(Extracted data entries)

--

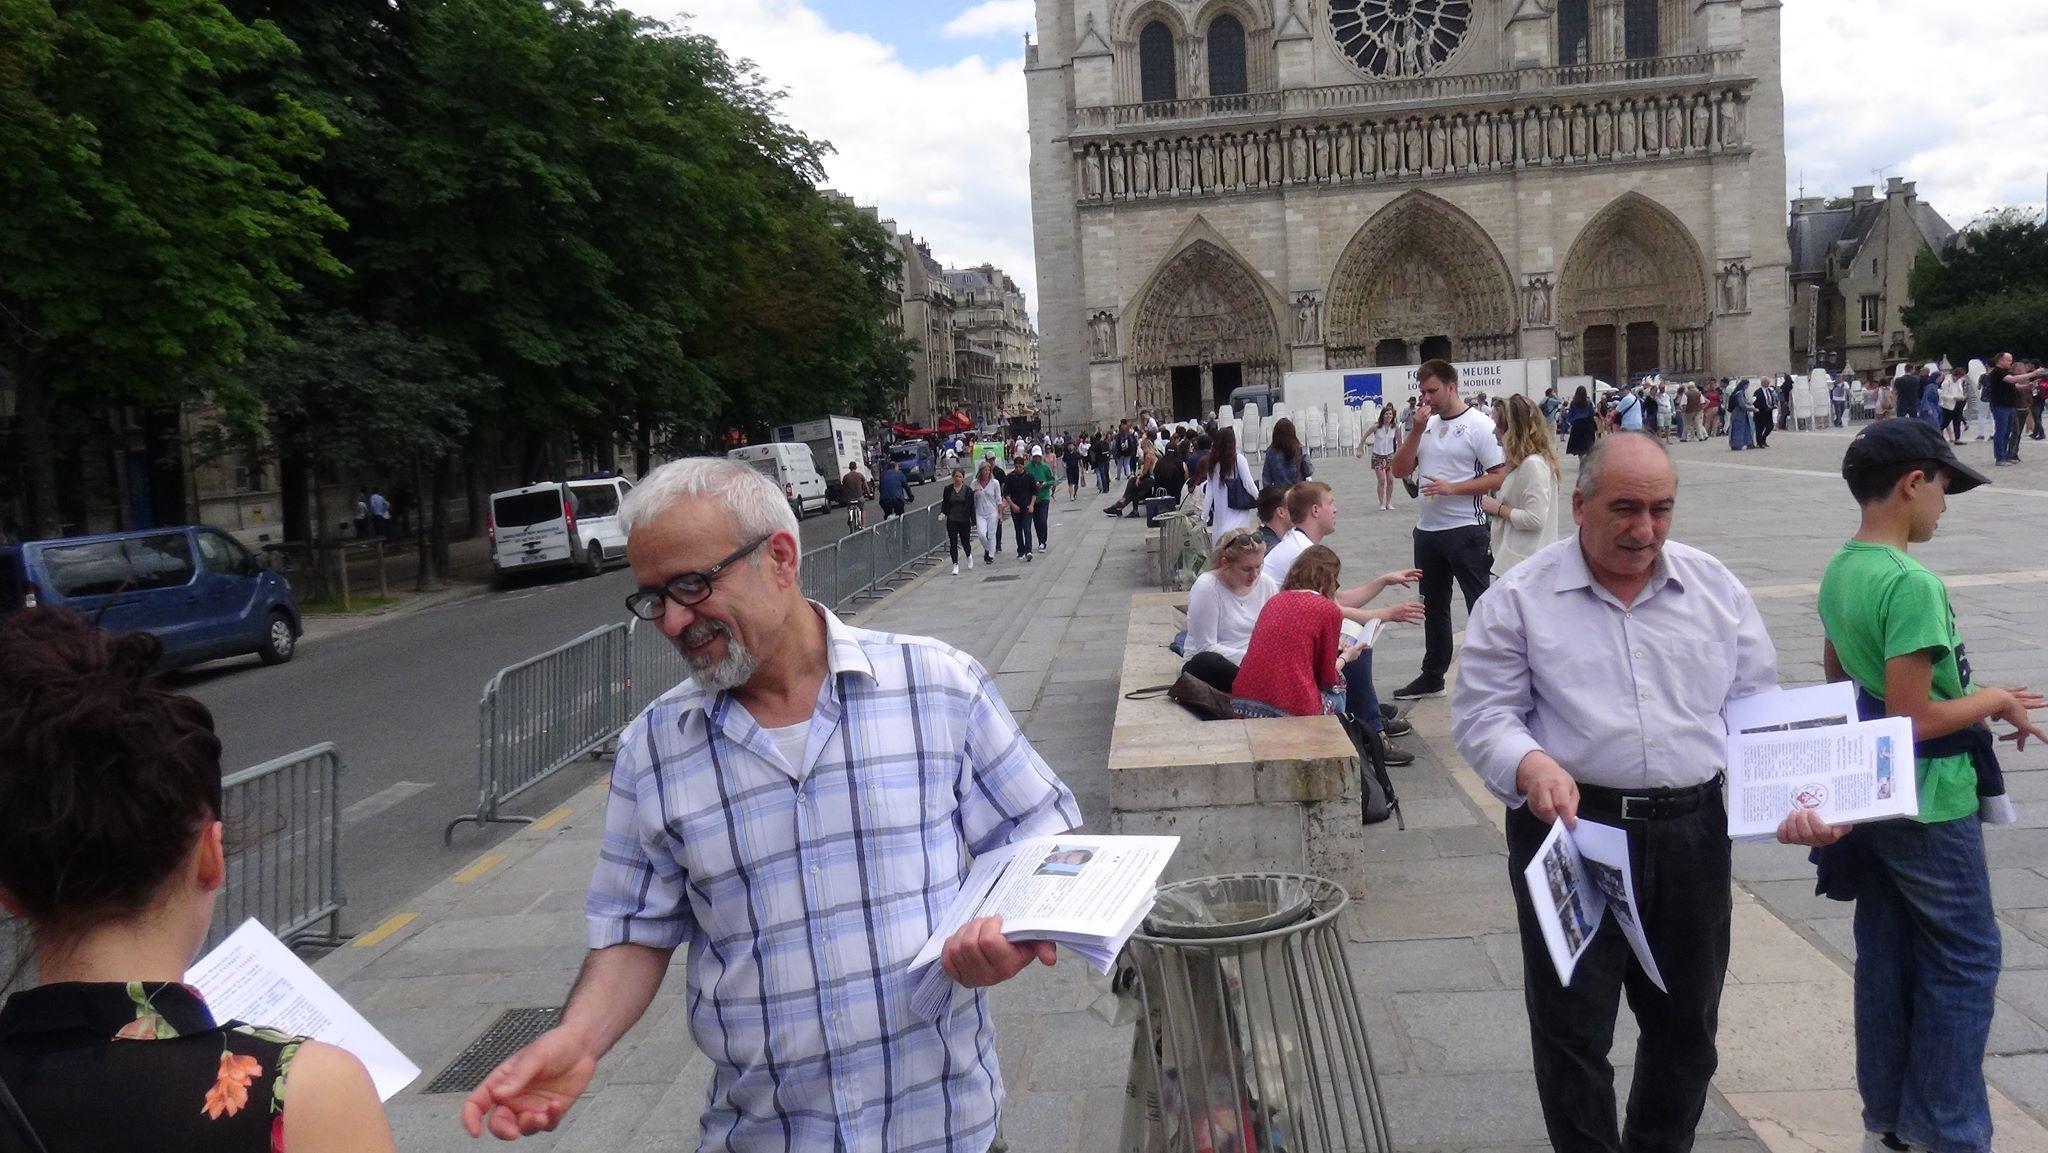 اطلاعیۀ شماره 1 فعالیتهای افشاگرانۀ گسترده توسط جداشدگان فرقۀ رجوی در فرانسه
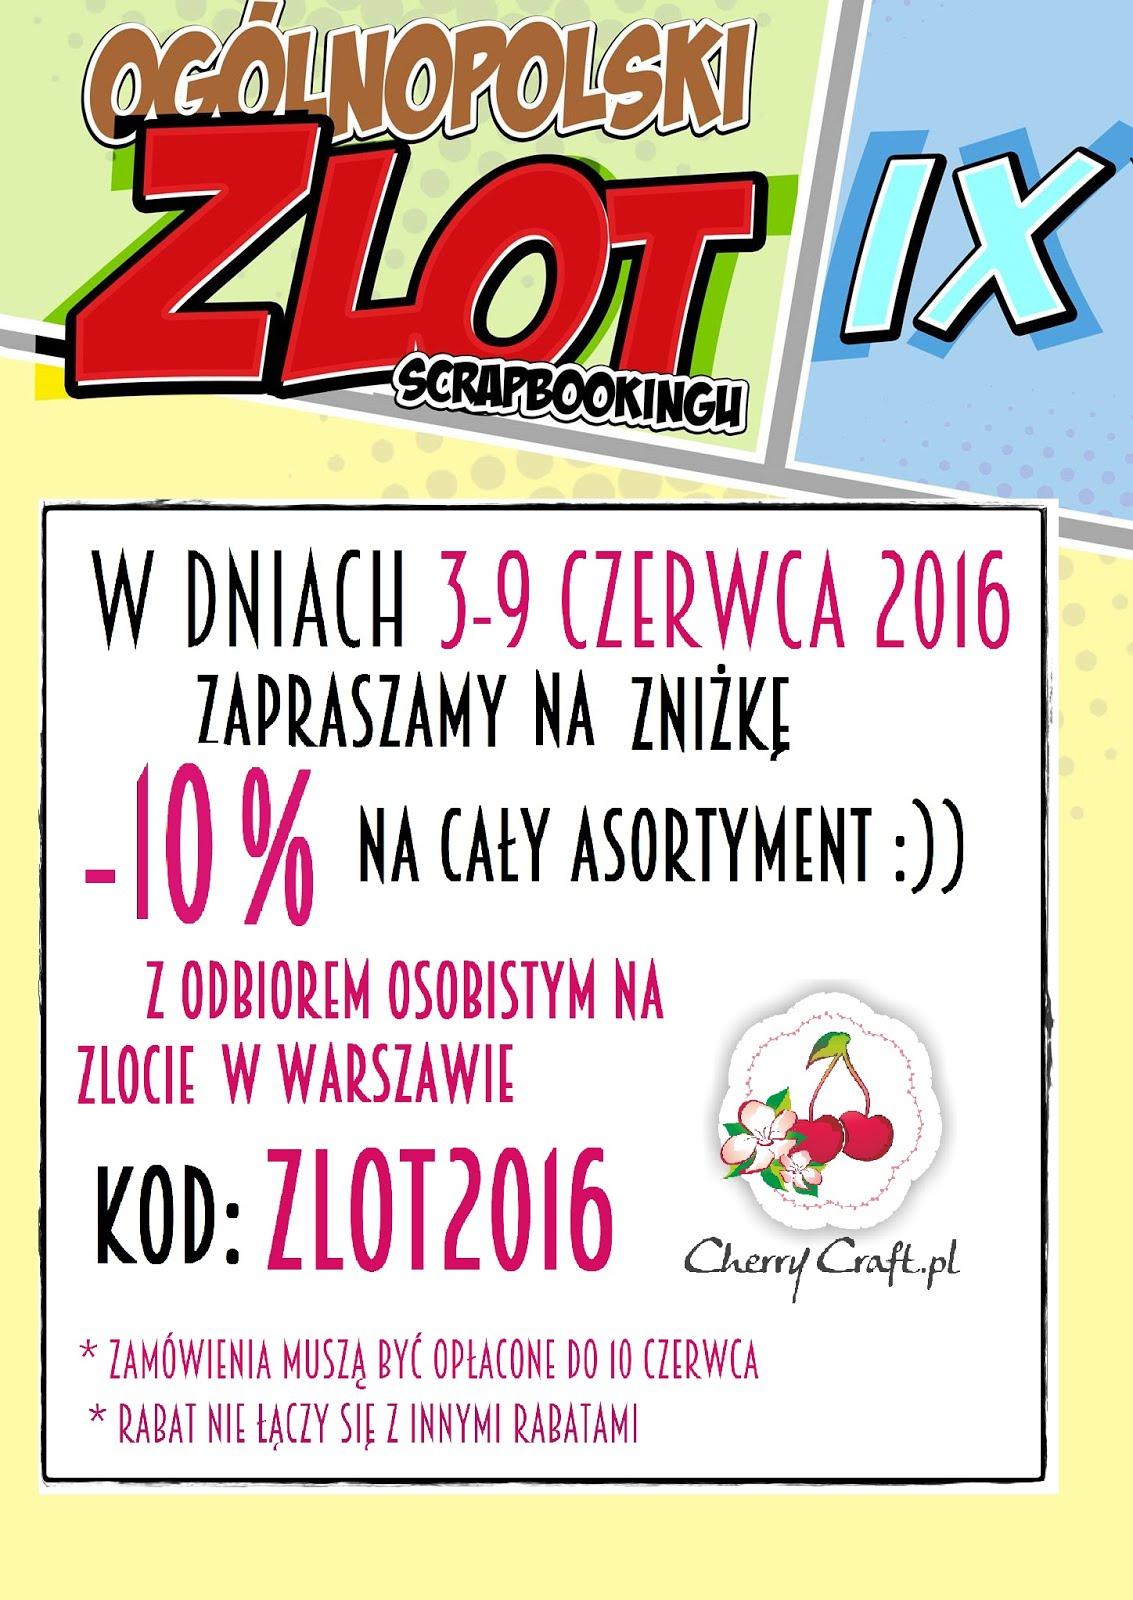 ZLOT w WARSZAWIE - 11.06.2016
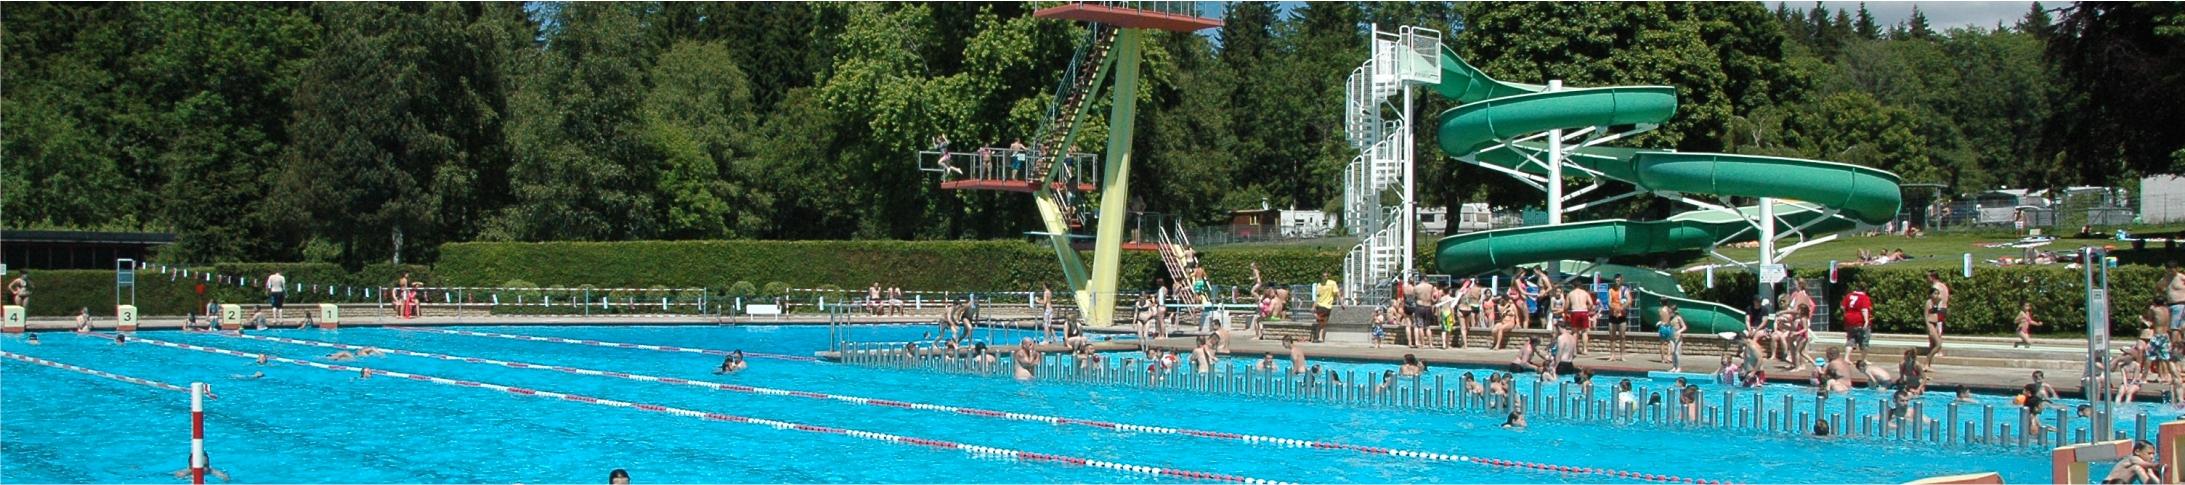 Ouverture de la piscine jeudi 13 mai 2021
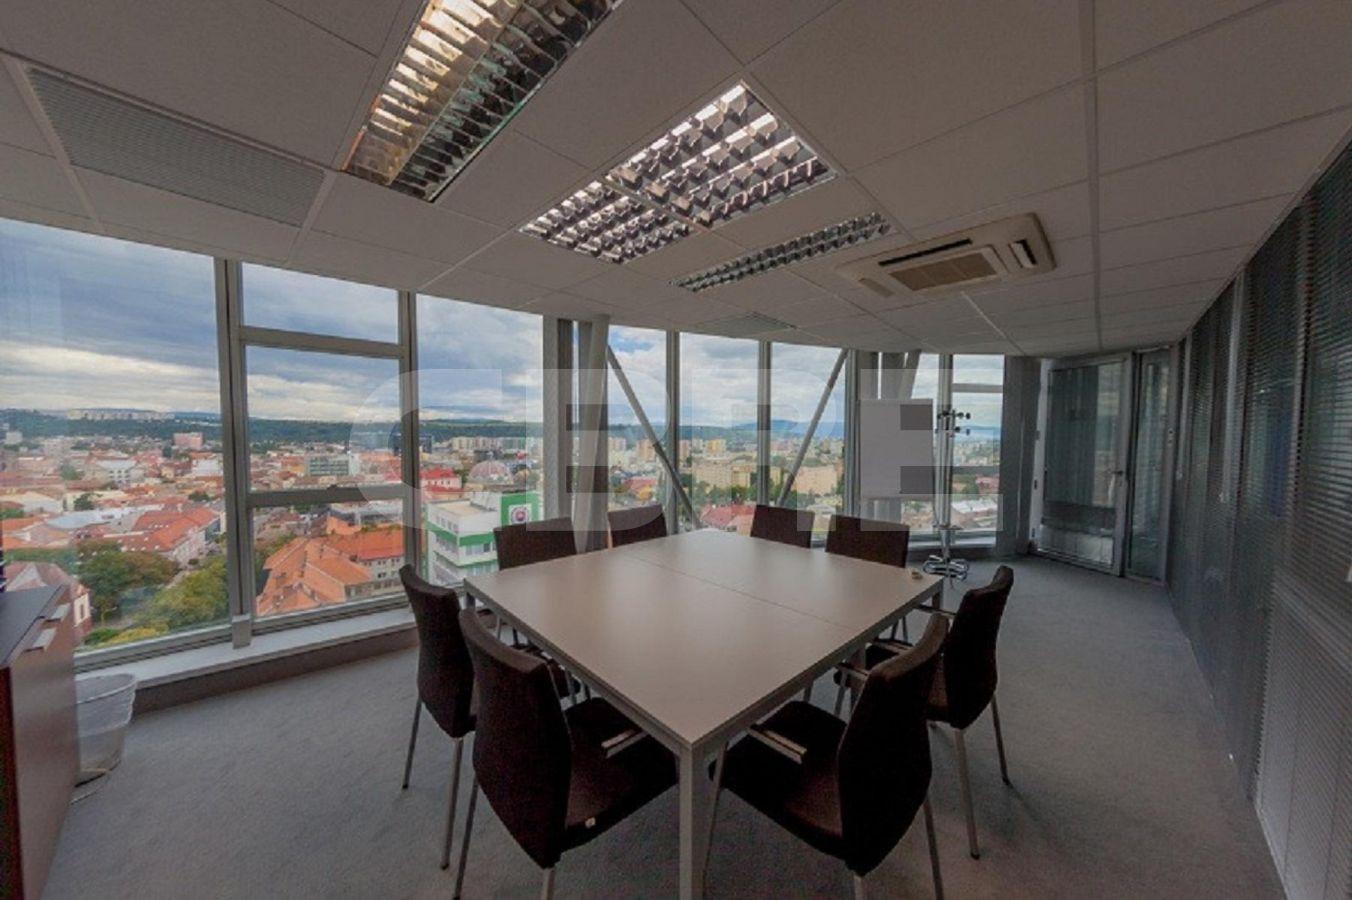 Business Center Košice I, Košice - Staré Mesto | Offices for rent by CBRE | 2
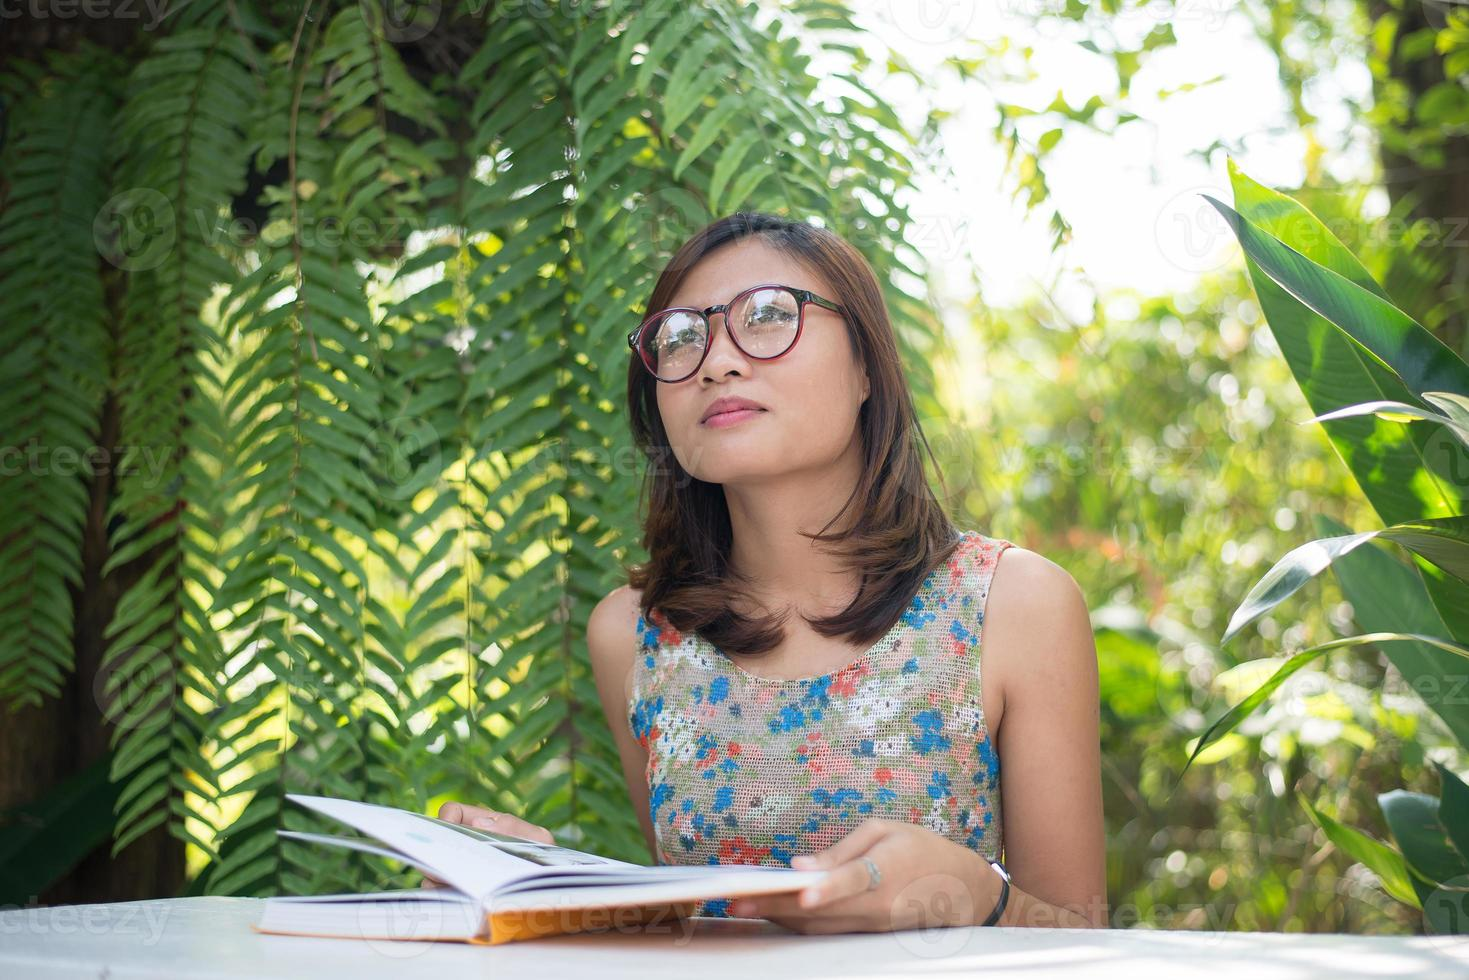 Jeune femme hipster lisant des livres dans le jardin avec la nature photo

--

What the task requires
Take the line that contains "Ouverture de la piscine jeudi 13 mai 2021" and every line after it down to the last line of the entries above, and output them exactly, with nothing else and no pictures.

Result of the exercise
 Ouverture de la piscine jeudi 13 mai 2021
 Business Center Košice I, Košice - Staré Mesto | Offices for rent by CBRE | 2
 Jeune femme hipster lisant des livres dans le jardin avec la nature photo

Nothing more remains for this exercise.